Protein amounts of O-50g > NO effect on glucose

and this

. . . to achieve optimal glycemic control carbohydrate counting needs to be combined with specific focus directed at identifying whether higher fat (or high glycemic index) meals are contributing to glycemic fluctuations

All of which would appear to reinforce the basic truth that the individual has to empirically determine what works for them without regard to what does or doesn’t work for some other group.

I never said that the fat directly metabolizes to glucose…just that a meal which includes both a lot of fat and a lot of carbs requires more insulin than would be assumed using pure carb-counting.
It is also false that dietary fat has no effect on blood sugar levels. It clearly can raise BG levels – probably not through direct conversion of fat into glucose – but rather through the induction of insulin resistance.

I agree that “what works for each individual” is the only way meals such as pasta can be discussed. After much trial and error, my current procedure is to pre-bolus about 20 min before pasta (with meat sauce) meals but decrease my I:C ratio for that pre bolus, basically “saving” some insulin for a post meal correction bolus that I will take as soon as my BG starts looking like it will rise higher than desired. This reduces the low immediately after dinner. The correction is usually at around 2 hours after meal but final decision is based on the CGM trend and gut feel. The correction dose usually is 1 or 2 units more than I had “saved” from the pre-bolus.

Hope that makes sense…it works for me more than 50% of the time so I am sticking with it until it doesn’t work.

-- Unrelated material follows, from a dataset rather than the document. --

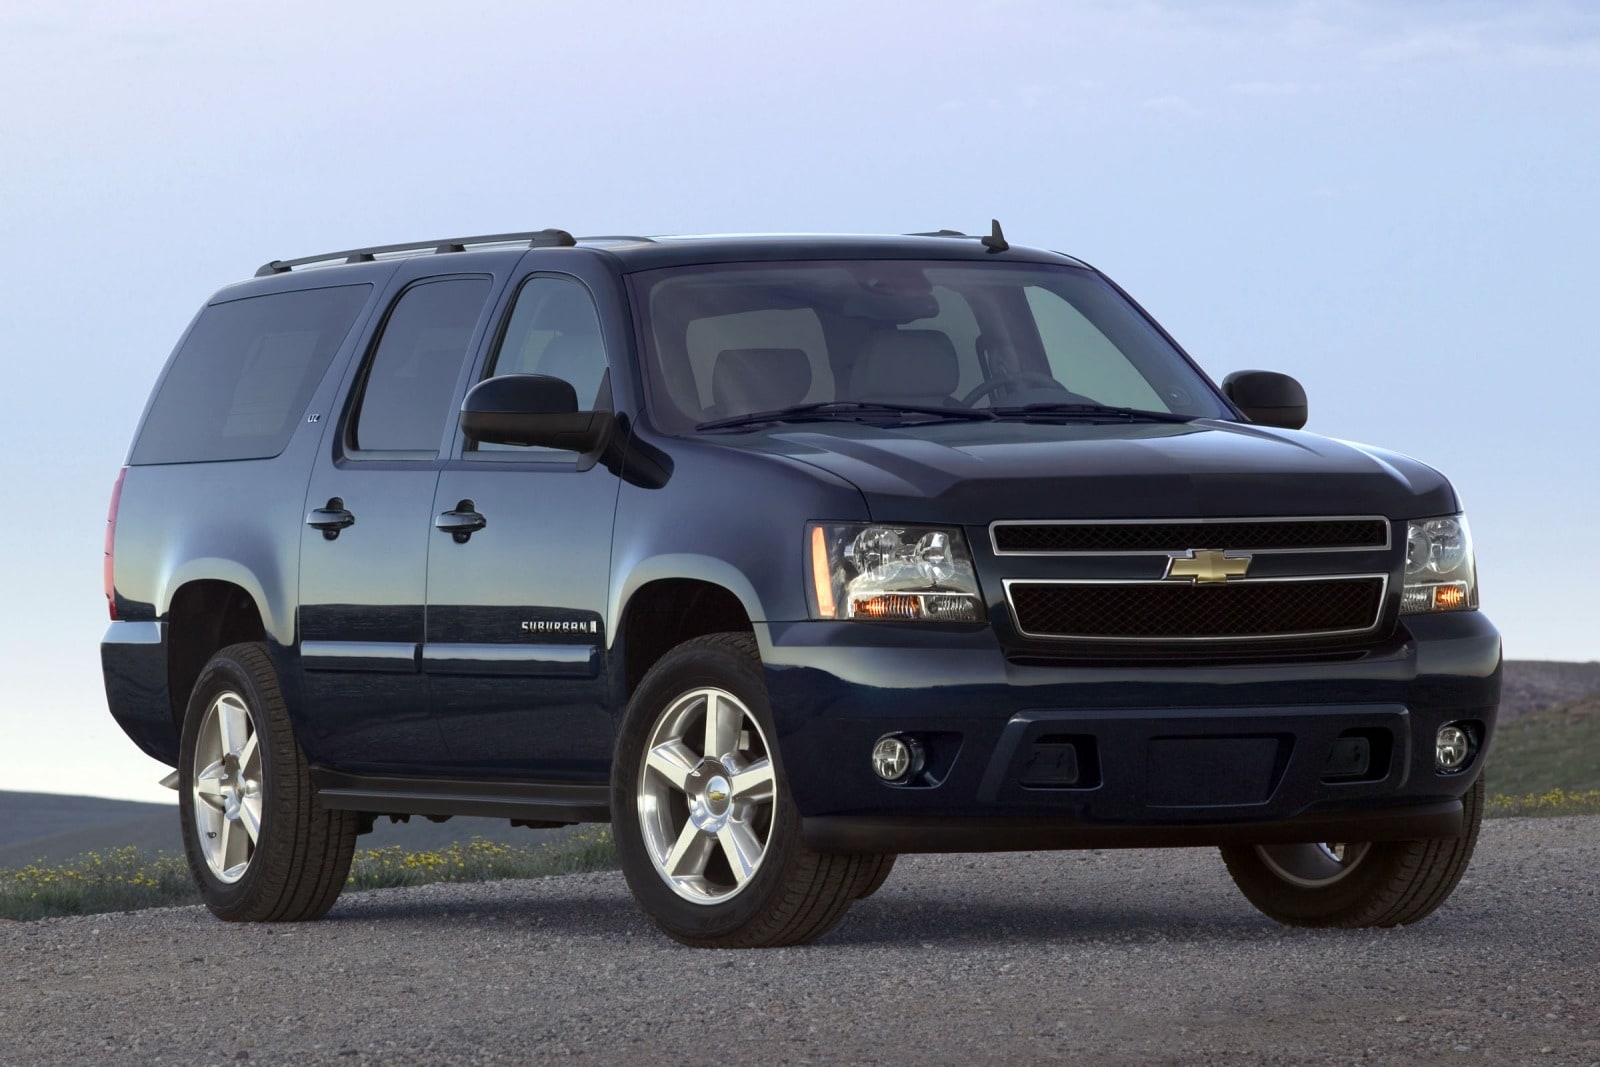 2009 Chevy Suburban Review Ratings

My phrase “convert to glucose” in post 2 may have been in error. The actual phrase used in the U of Wash. carb counting paper was “effect on blood glucose.” The chart shows 10% in 8 hours.

reference: https://healthonline.washington.edu/document/health_online/pdf/CarbCountingClassALL3_05.pdf

No, you didn’t. But an earlier post (see above) did, and that was what I was referring to. Sorry for the confusion.

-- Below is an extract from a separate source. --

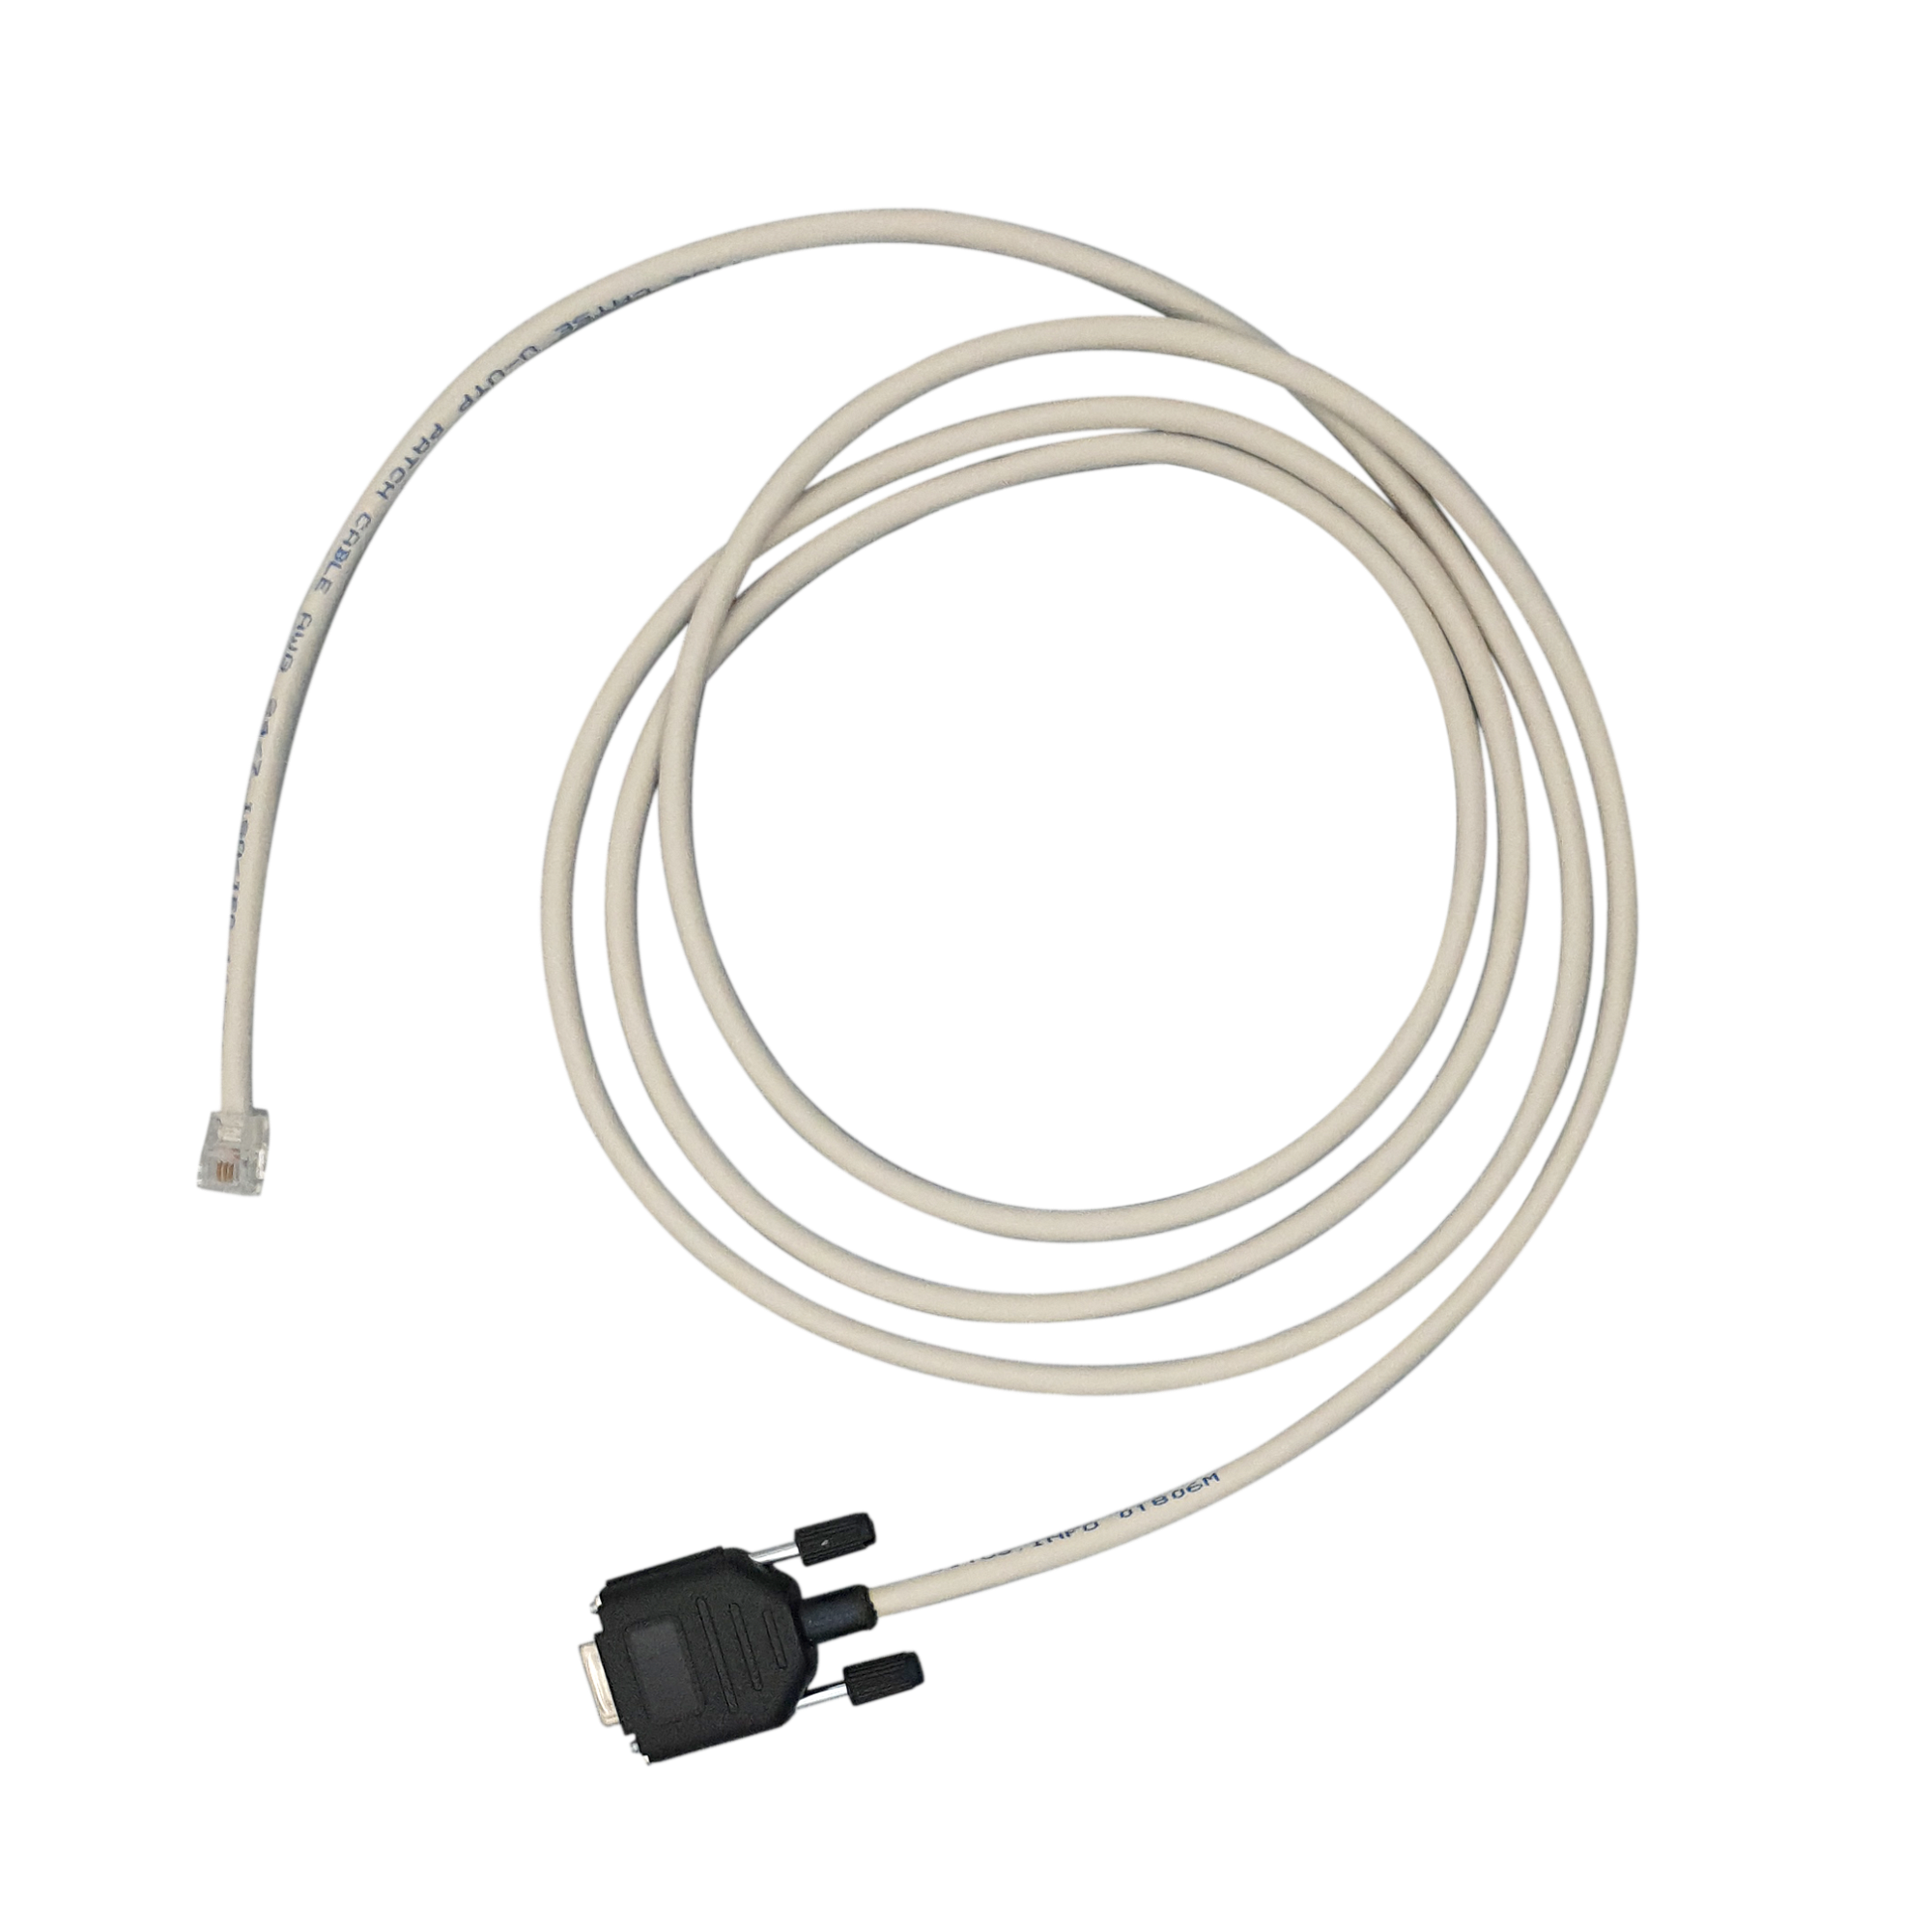 Serial connection cable (RS-485) for Kinco CV20 frequency converter and Kinco HMI

“Even a small percent of fat will convert to glucose, often taking 8 or more hours!”

Since we are being meticulous about terminology . . . . no. Fat may increase insulin resistance and, in so doing, reduce insulin’s glucose-lowering effectiveness, but that is not the same thing. Fat doesn’t raise BG. Glucose does.

yes, I meant the end result of the insulin resistance will be a higher blood sugar. Sorry for the confusion too.

From what I’ve read, the combo of high-fat, high-carb is a good way to increase your weight. Is that something you want?

LOL. My goal in life is definitely not to put on a lot of extra weight. But the main thread was asking how to bolus for foods with varying amounts of fat/carbs/protein, which then went into a debate about whether you need to bolus for fat at all. And the combination of high fat and high carb is definitely a common one in the American diet, as evidenced by the fact that 13 percent of Americans eat pizza on any given day. So I figure people should have some idea that it’s going to take more insulin than just fat or jut carbs or what have you.